== TASK BRIEF ==
Reproduce the listing that follows in full. Omit its images.

***** STORED DATA

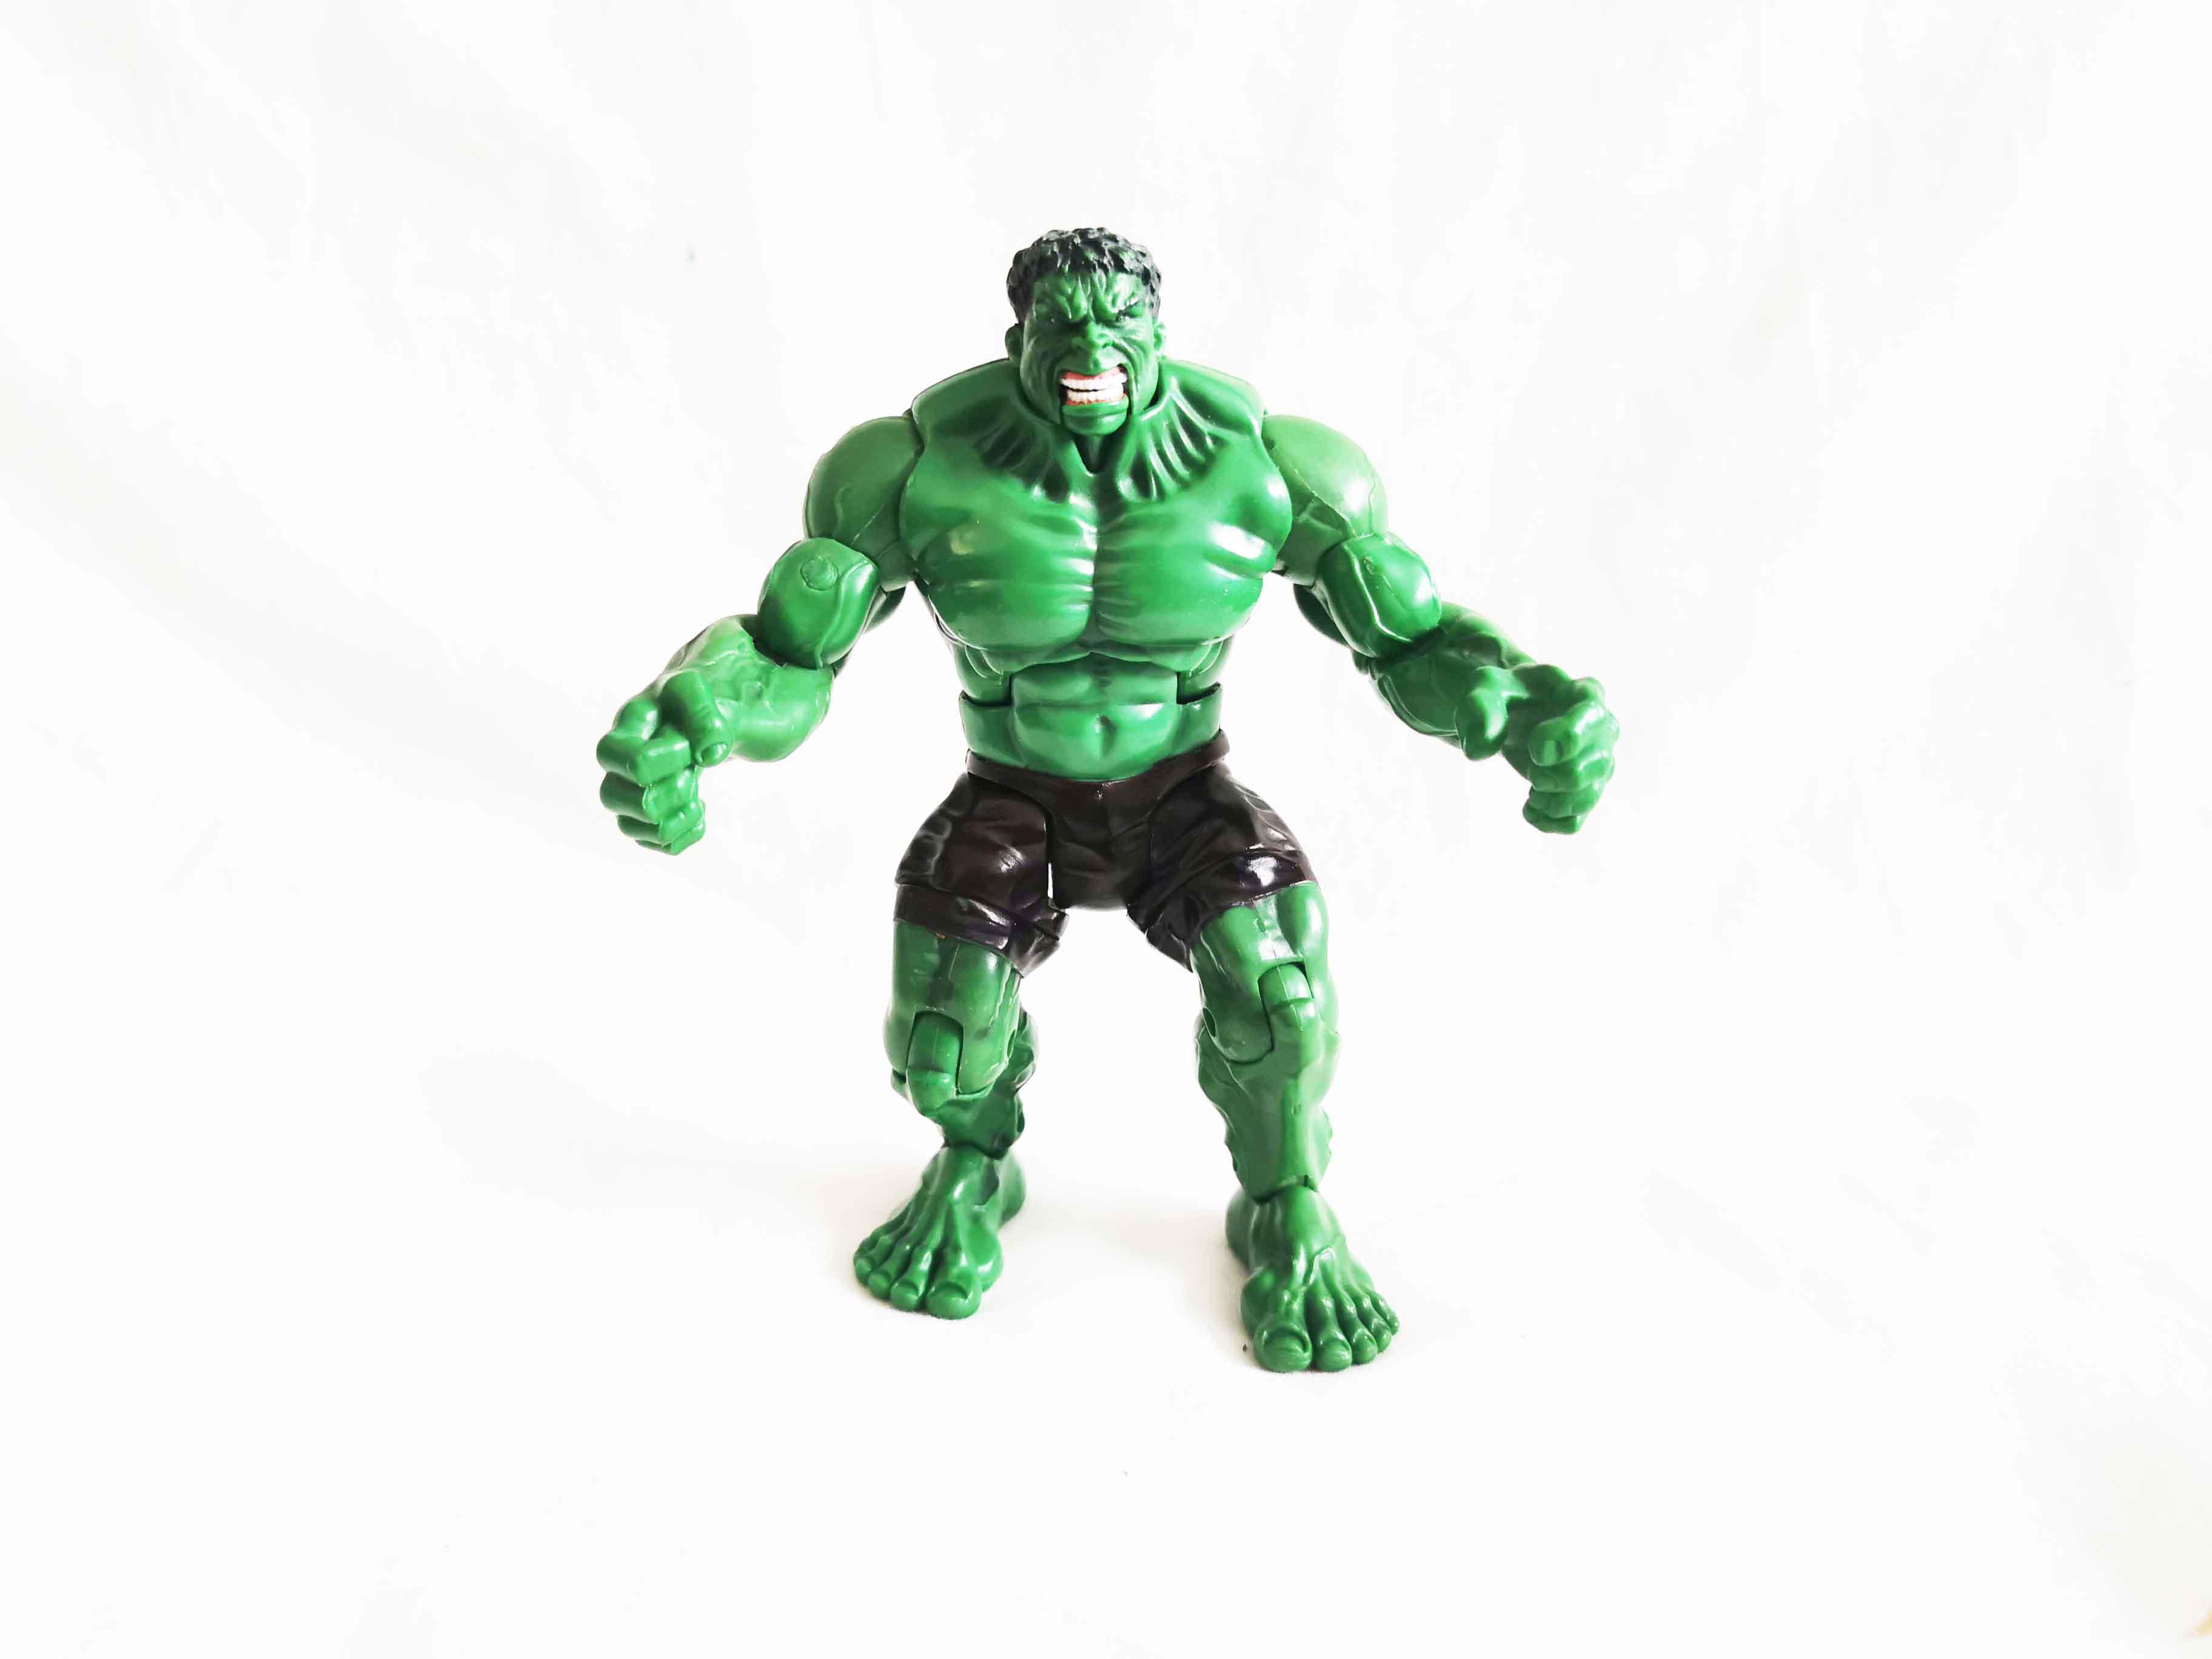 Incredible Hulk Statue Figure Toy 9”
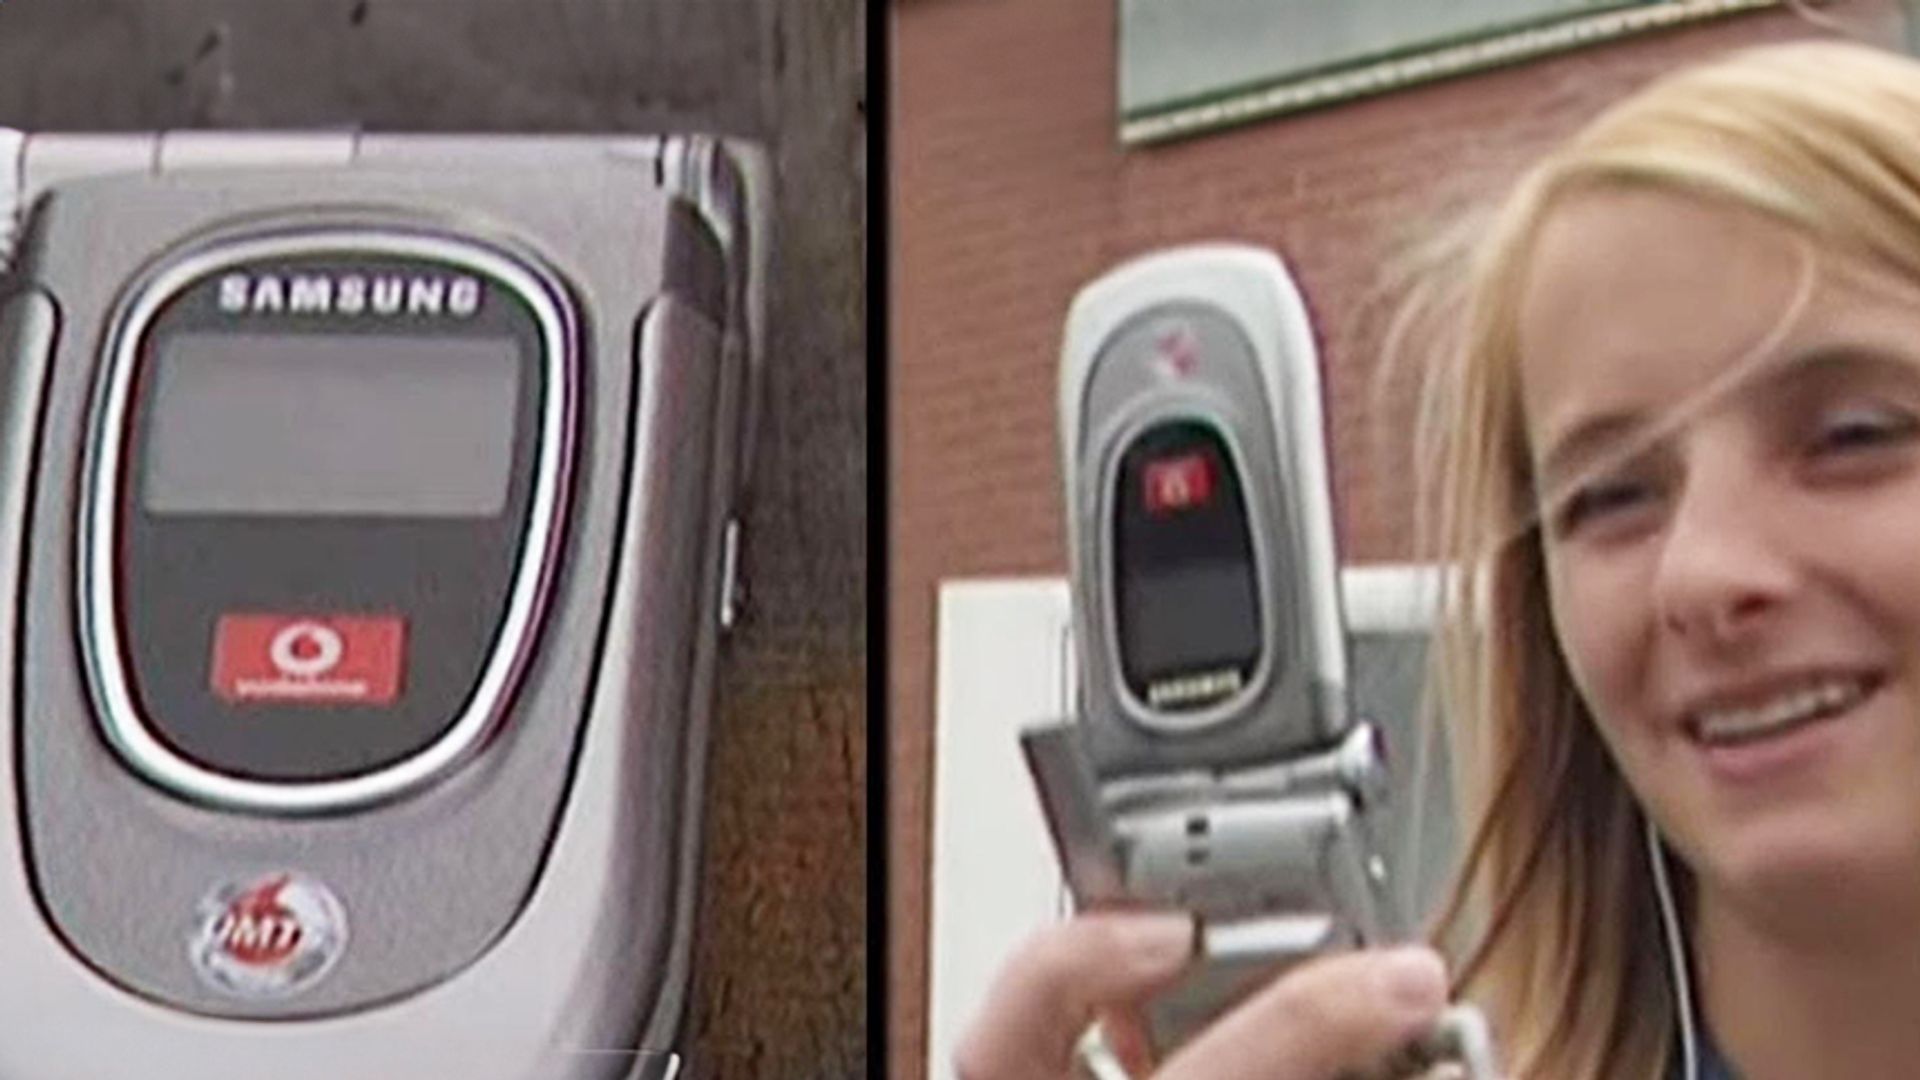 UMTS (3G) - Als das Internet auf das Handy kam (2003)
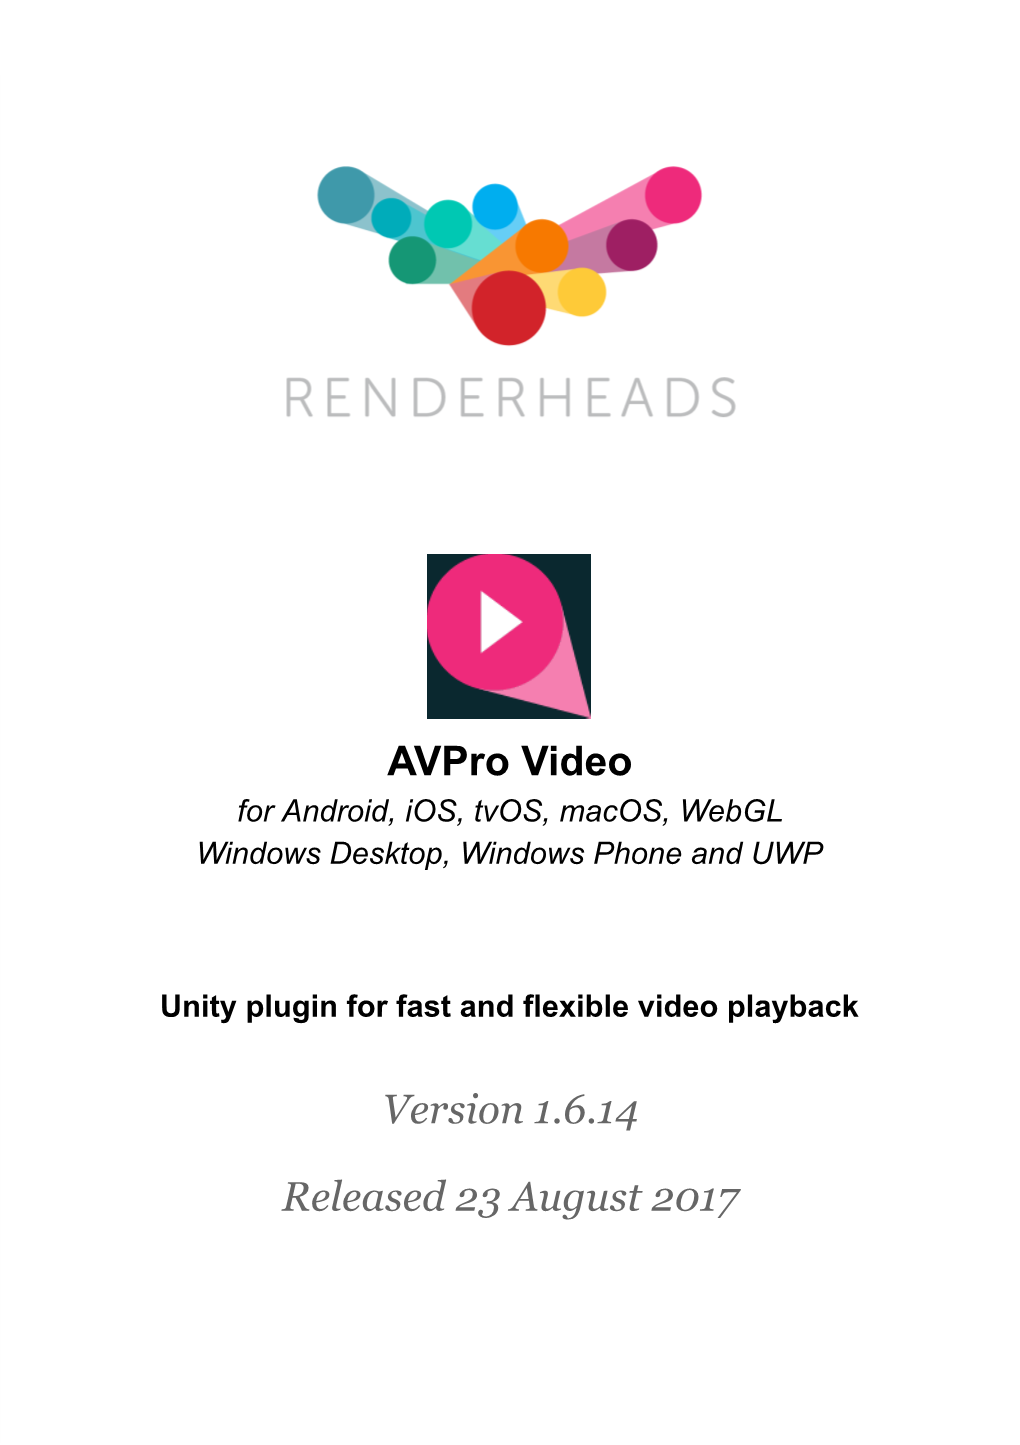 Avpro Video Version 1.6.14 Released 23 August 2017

**********

== OUTPUT FOR THIS TASK ==
 Incredible Hulk Statue Figure Toy 9”
 UMTS (3G) - Als das Internet auf das Handy kam (2003)
 Avpro Video Version 1.6.14 Released 23 August 2017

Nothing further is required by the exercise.